In that sense, it would cost your local motel owner far less to become GDPR compliant than a huge enterprise. On the flip side, those big companies have more money to spend on compliance than the little guys do.
" ... at the end of the day, you just have to trust companies that they’re deleting [your data].” — Kevin Ogrodnik, CEO of Sherpa Software
Some companies haven’t done anything at all to comply with GDPR despite the legal risk. Until regulators check up on operations, firms can more or less get away with avoiding compliance, Mr. Ogrodnik said.
Meanwhile, consumers don’t really have a way to confirm that their data has actually been deleted, if requested.

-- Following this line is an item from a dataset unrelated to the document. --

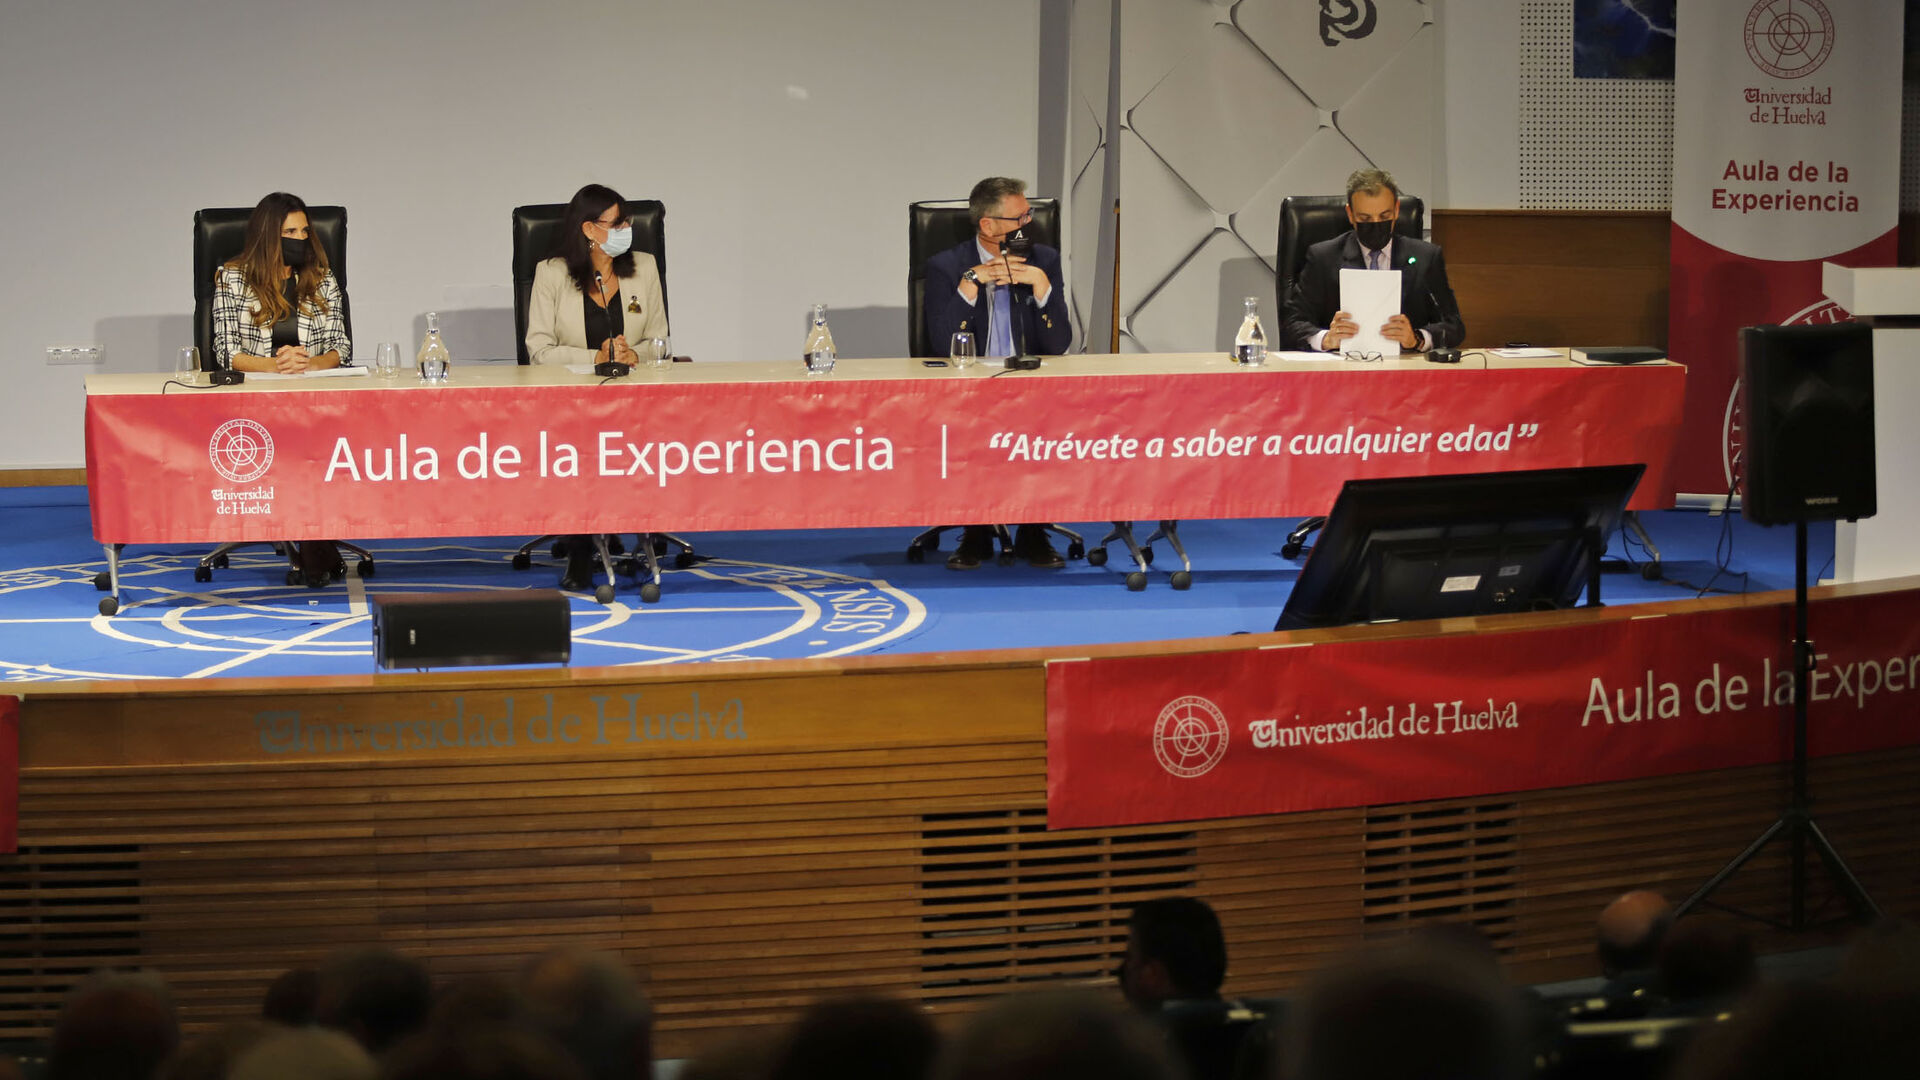 Im&aacute;genes de la inauguraci&oacute;n del Aula de la Experiencia de la Universidad de Huelva

“They’re going to make their best efforts to get rid of that information ... but at the end of the day, you just have to trust companies that they’re deleting [your data].”
Both Mr. Ogrodnik of Sherpa and Mr. Dehning of Hornetsecurity believe the U.S. will move toward its own GDPR-like data laws in the next decade. When that happens, companies will definitely have to put these methods and technology in place that they’re already supposed to be implementing for EU citizens.
Plus, it’s silly to have two different sets of processes in place for people in the U.S. and the EU, Mr. Dehning said.
“Therefore, [GDPR is] kind of becoming an industry standard.”